What I wonder-- and I wonder this about a lot of other conditions which are not necessarily well-understood from an etiological/mechanistic standpoint...

maybe a subpopulation that shares underlying etiology DOES "recover/change" in some predictable ways during maturation.

It certainly happens in some other diagnoses which are about function rather than particular quantitative measurement of mechanism. Asthma, for example.

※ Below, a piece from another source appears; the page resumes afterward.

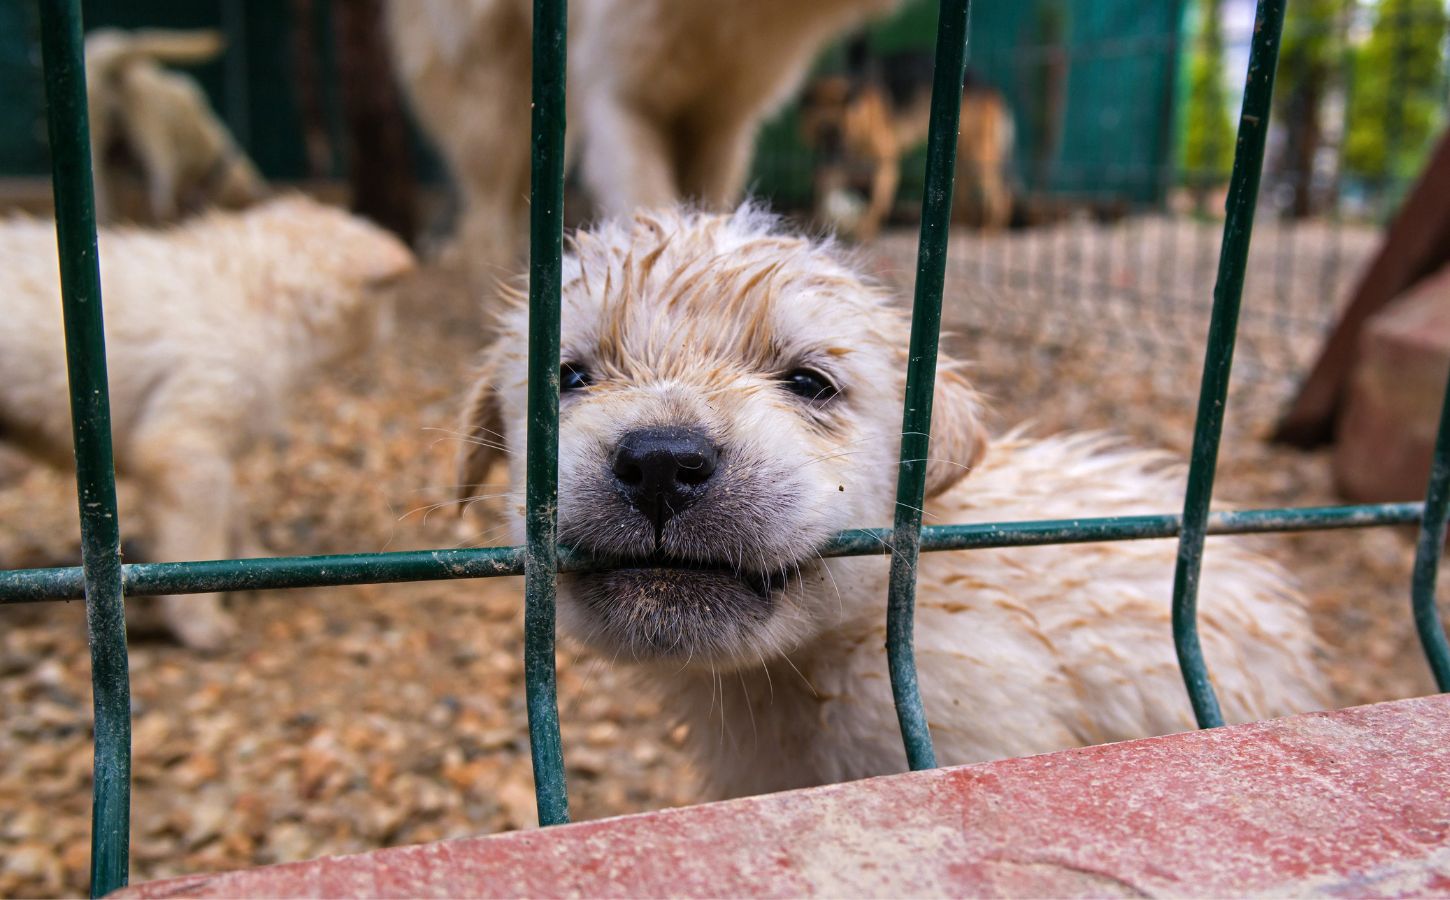 A puppy biting a cage at a dog mill farm
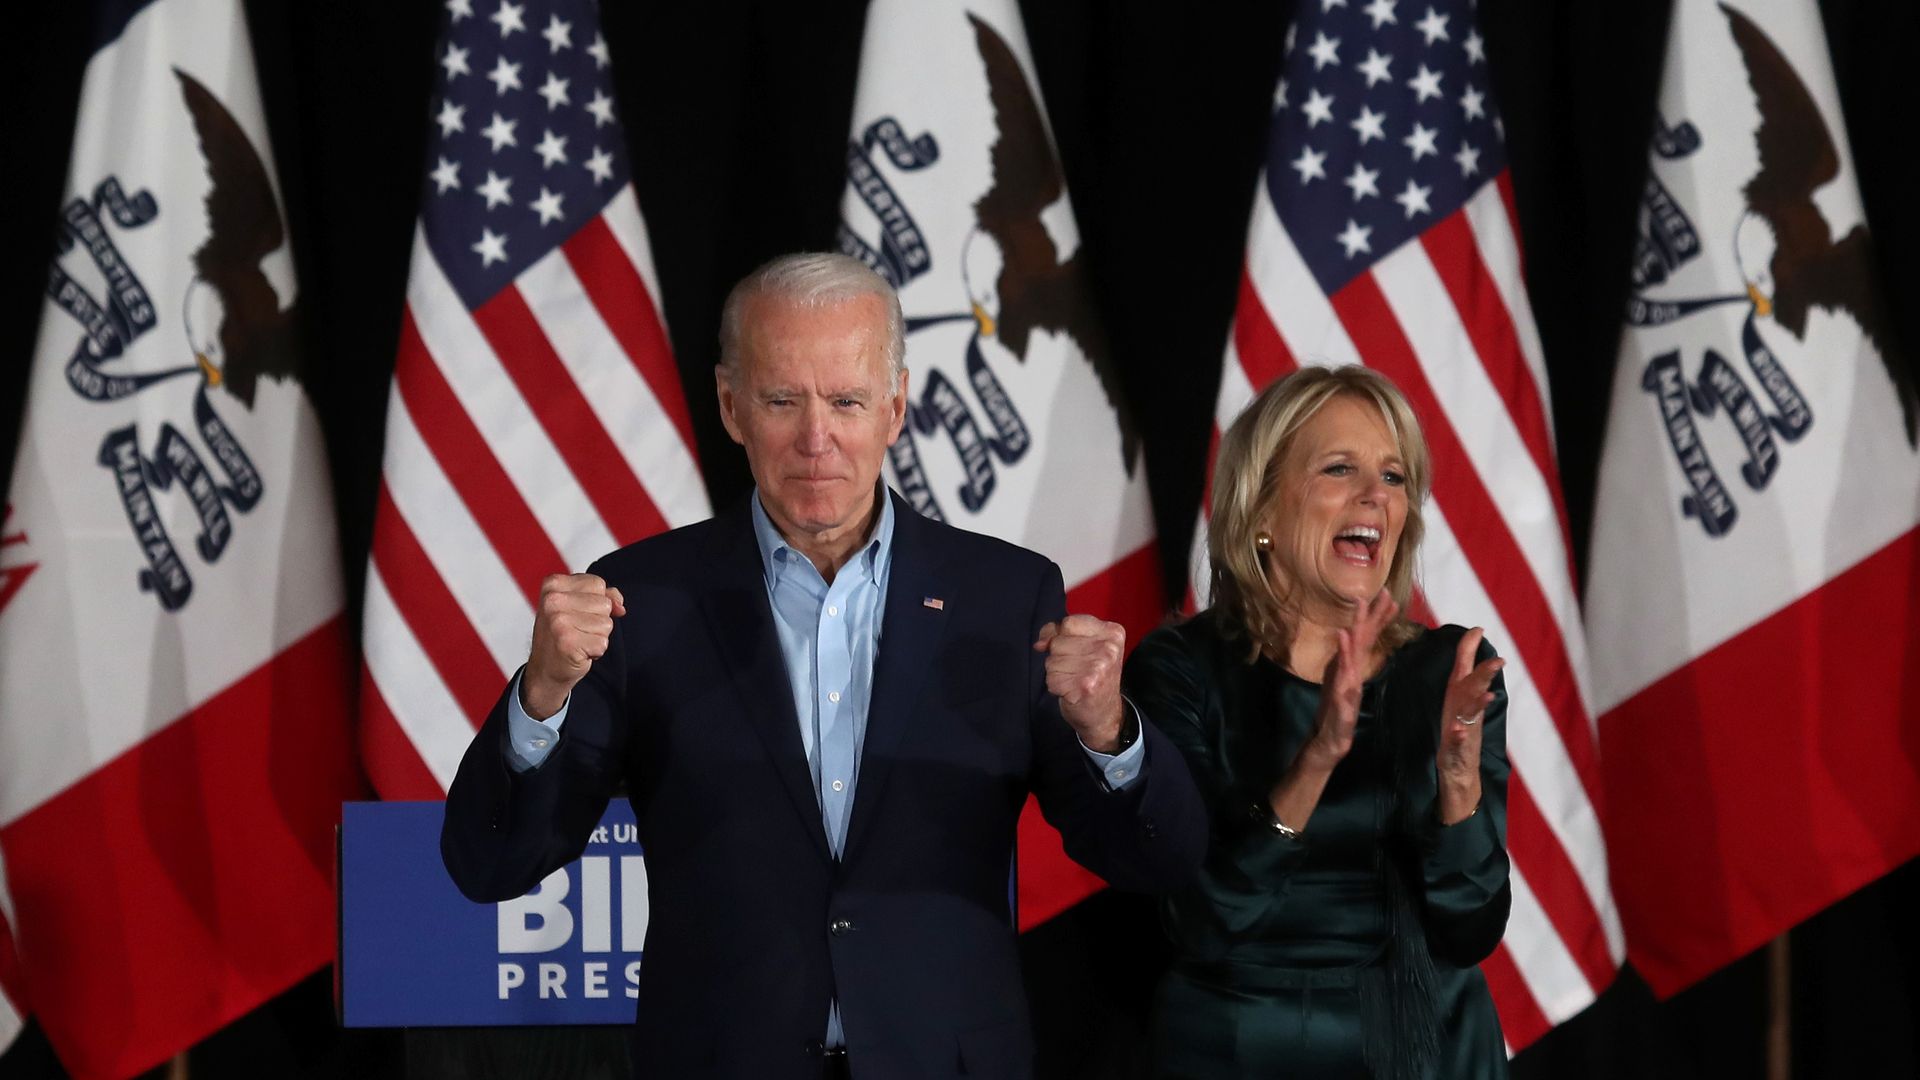 Former Vice President Joe Biden takes the stage to address supporters with his wife Dr. Jill Biden during his caucus night watch party on February 03, 2020 in Des Moines

Why is it that SOME asthmatic children "grow out of" that asthma, while others worsen significantly during adolescence?


Most researchers in that field acknowledge that what we currently think of as "Asthma" is likely to actually be a collection of underlying causes which all result in narrowing of the airways ('asthma'). It's a symptom masquerading as a diagnosis, in other words.


I have done very little serious digging in the serious research literature surrounding ASD's, but more in that of ADD/ADHD, and the latter certainly bears the same hallmarks.

So it seems entirely plausible that some children "outgrow" whatever it was that was causing the symptoms of ASD. Too bad not enough is known for clinicians to accurately predict who they are yet. smile

All parents have now with these kinds of symptom-based umbrella diagnoses is "wait and see what happens during adolescence." We're doing it now with DD's asthma.


Schrödinger's cat walks into a bar. And doesn't.